As a teen, I was used to seeing the Israel-Palestine conflict regularly going in and out of prominence. Being restricted to news from actual papers of news (and that too, early on, mostly ToI, which did not carry the “ToI-let” moniker lightly), and also being restricted to what can only be termed a teen’s worldview, I don’t think I delved much deeper than the surface of the contemporary conflict. Thankfully, the conflict went out of sight for most of my adulthood, but Hamas’s recent assault and massacres have brought it painfully back into conscious consideration.
The more I think about, the harder it becomes to take sides in this conflict. And I believe the primary reason for this is that I have misgivings about the objectiveness of my humanity. I know that as I am today, with all the good that I have experienced so far and continue to experience, I am strongly inclined towards a set of principles that accord and preserve such experiences for everybody. I want violence to be extremely sparing, and I want conflict to touch as few people as possible. But would I feel the same way as an Israeli or a Palestinian with their particular histories and experiences? If I had been a Jew with millennia of extreme persecution attached to my identity, would I have given up the chance to create a secure Jewish land at the first instance when violence became necessary to accomplish it? If I were a stifled Palestinian, living in a ghetto for decades without absolutely no possibility of any improvement whatsoever, would I have the same views I do now on the sanctity of civilian life? Unfortunately I do not have clear-cut answers to these questions.

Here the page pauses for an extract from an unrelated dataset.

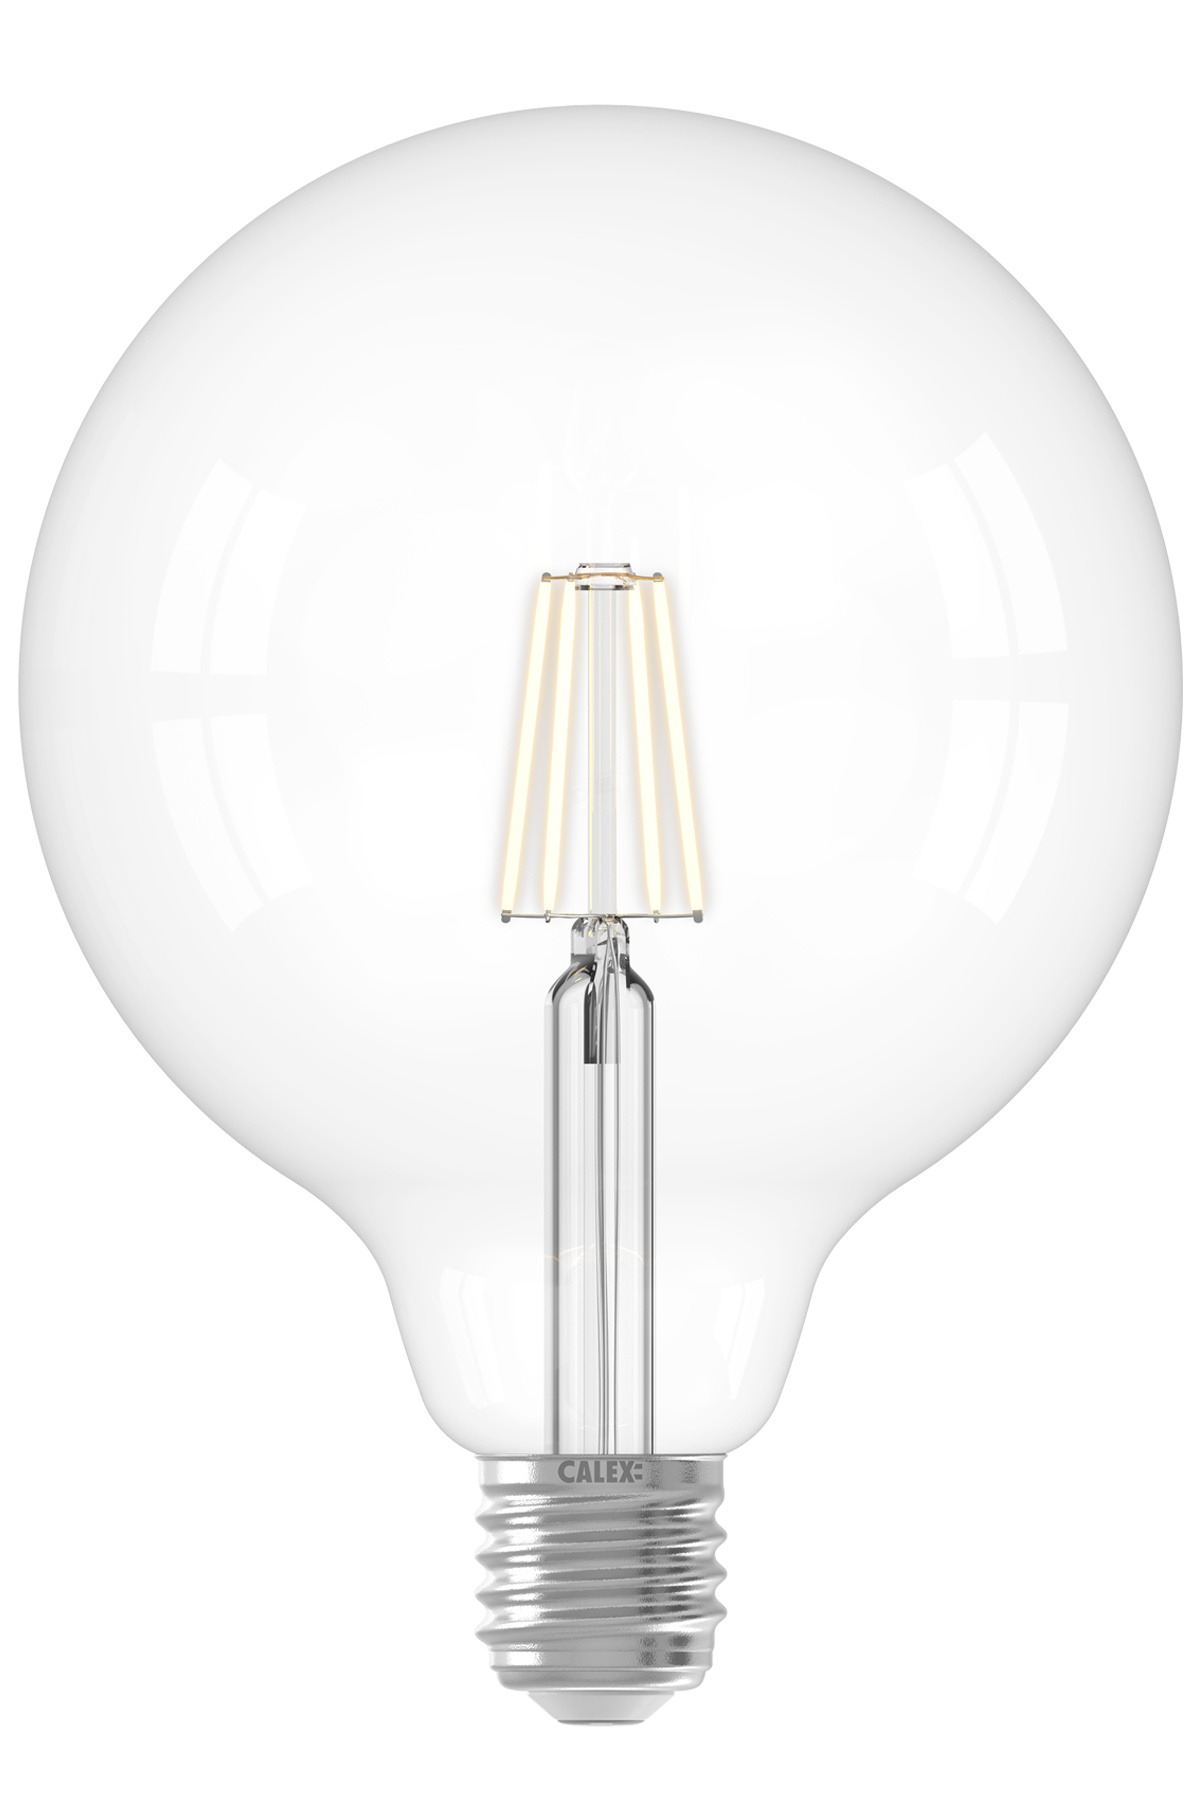 Proberen Oneerlijk Vrijstelling LED lamp globe Calex helder (G125 Ø125mm E27) - Kynda Light

Specific actions, like the massacre of infants and the bombing of mosques and hospitals, are easily condemned, but takes away from the larger perspective of the possible endgames for the conflict as a whole. The combatants are stuck in their own contextual humanities, and the goal of international observers should be to help them break free of those shackles. Of course, I have no idea how this can be achieved, but maybe acknowledging it is the first step towards achieving it.